LOTOS Parafiny coraz lepiej radzi sobie na konkurencyjnym rynku świec i zniczy, które wg szacunkowych danych w ub. r. wynosiły odpowiednio 23,5 mln zł i blisko 300 mln zł.
Pod koniec maja br. spółka prezentowała swoją najnowszą kolekcję na Międzynarodowych Targach Poznańskich Home Decor. Produkowane w Czechowicach-Dziedzicach świece przeznaczone są bowiem przede wszystkim dla tych, którzy cenią sobie jakość wykonania i są otwarci także na niekonwencjonalne pomysły projektantów.
– Jesteśmy zadowoleni, z naszej obecności na targach branżowych w stolicy Wielkopolski. Najbardziej cieszy fakt, że w ciągu kilkunastu miesięcy od uruchomienia fabryki produkcji świec w Czechowicach, udało się zrobić tak duży postęp. Oferta LOTOS Parafiny należy dziś do najciekawszych na rynku, to ponad 100 rodzajów świec w bogatej kolorystyce i niespotykanych kształtach – podkreślił Leszek Stokłosa, prezes zarządu spółki LOTOS Parafiny.
Kreatorzy trendów
Spółka obok tradycyjnych kanałów dystrybucji świec stołowych i artystycznych, rozwija również mniejsze, lecz bardzo interesujące segmenty sprzedaży małych serii swoich produktów.
– Nasi klienci to bardzo wymagający odbiorcy, dla których często nie cena, lecz jakość wyrobów, niepowtarzalność wzorów i pewność dostaw są najważniejsze.

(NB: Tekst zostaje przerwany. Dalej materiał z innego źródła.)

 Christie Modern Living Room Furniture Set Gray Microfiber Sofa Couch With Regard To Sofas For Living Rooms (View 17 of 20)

Oferujemy klientom świece artystyczne, wykonywane ręcznie, w krótkich seriach. To bardzo dobry i atrakcyjny rynek. Gdzie zwraca się przede wszystkim uwagę na sposób wykonania świecy, jej funkcje dekoracyjne i zdobnicze, gdzie szczególną rolę odgrywa jakość i niepowtarzalność produktu – podkreśla Leszek Stokłosa, prezes zarządu spółki LOTOS Parafiny. – Zadbaliśmy o to, by w proponowanych wzorach, było jak najwięcej elementów indywidualnych, autorskich. Nie interesuje nas jedynie odwzorowywanie trendów, chcemy je tworzyć – dodaje Stokłosa.
Surowiec to atut
Ubiegłoroczny rynek parafin w Polsce szacowany jest na około 180 tys. t. Zdaniem wielu ekspertów, w 2008 r. zabraknie około 40–50 tys. t surowca, co spowodować może zmniejszenie krajowej produkcji i importu parafin ze wschodu.

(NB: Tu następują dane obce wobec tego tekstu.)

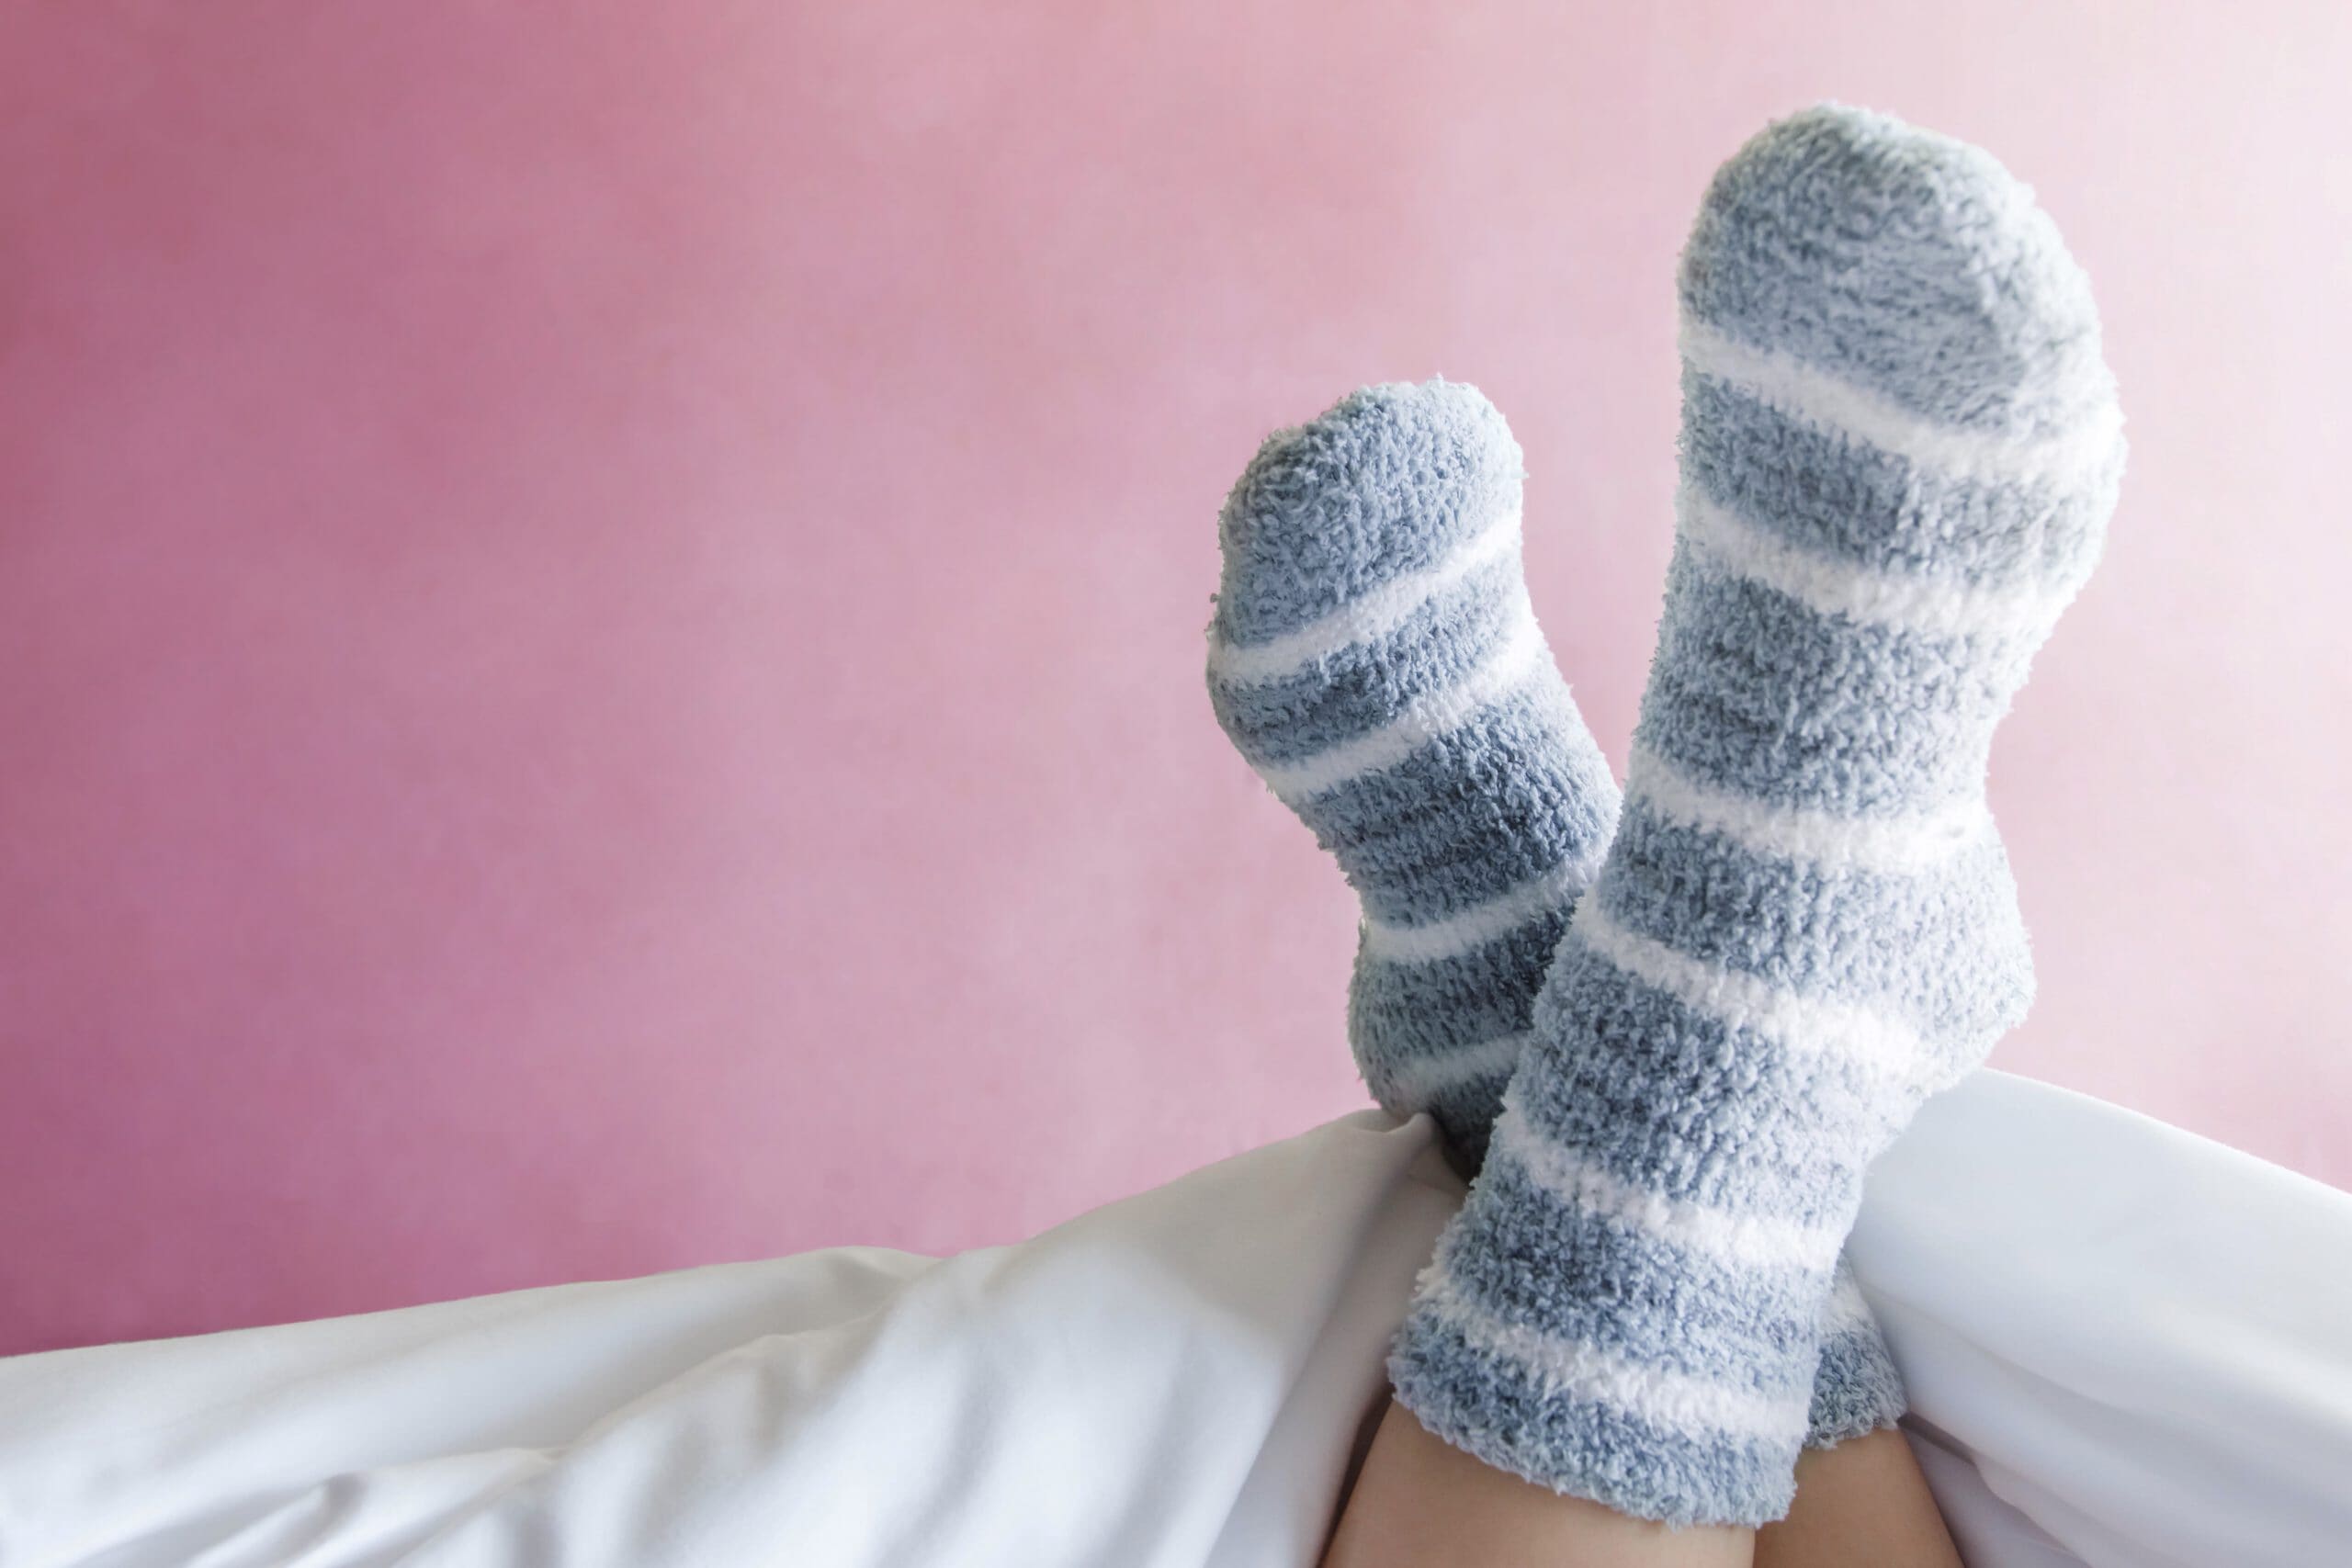 Does Wearing Socks to Bed Cool Down the Body for Sleep?

– Podejmując rozmowy z klientami, LOTOS Parafiny jest w komfortowej sytuacji, ponieważ spółka ma własny surowiec. Stawia to nas w zdecydowanie lepszej sytuacji, niż większość producentów świec i zniczy, którzy zmuszeni są kupować surowce na zewnątrz, po wyższych cenach. Jesteśmy w stanie zrealizować bez kłopotów każdą dostawę – stwierdza Leszek Stokłosa.
LOTOS Parafiny Sp. z o.o., powstała w 2005 roku i należy do Grupy LOTOS S.A. Firma jest jednym z największych w Europie producentów i dystrybutorów parafin. Posiada dwa zakłady produkcyjne w Jaśle i Czechowicach-Dziedzicach. W 2005 r. spółka rozpoczęła produkcję świec i zniczy dla klientów detalicznych. Zakład w Czechowicach-Dziedzicach jest wyposażony w specjalnie zaprojektowane przez firmę Weissbach linie produkcyjne o wysokiej wydajności i automatyzacji procesów. Warta około 18 mln zł inwestycja pozwoliła spółce na wprowadzenie na rynek rodziny ekskluzywnych produktów pod marka „PROMETEO”.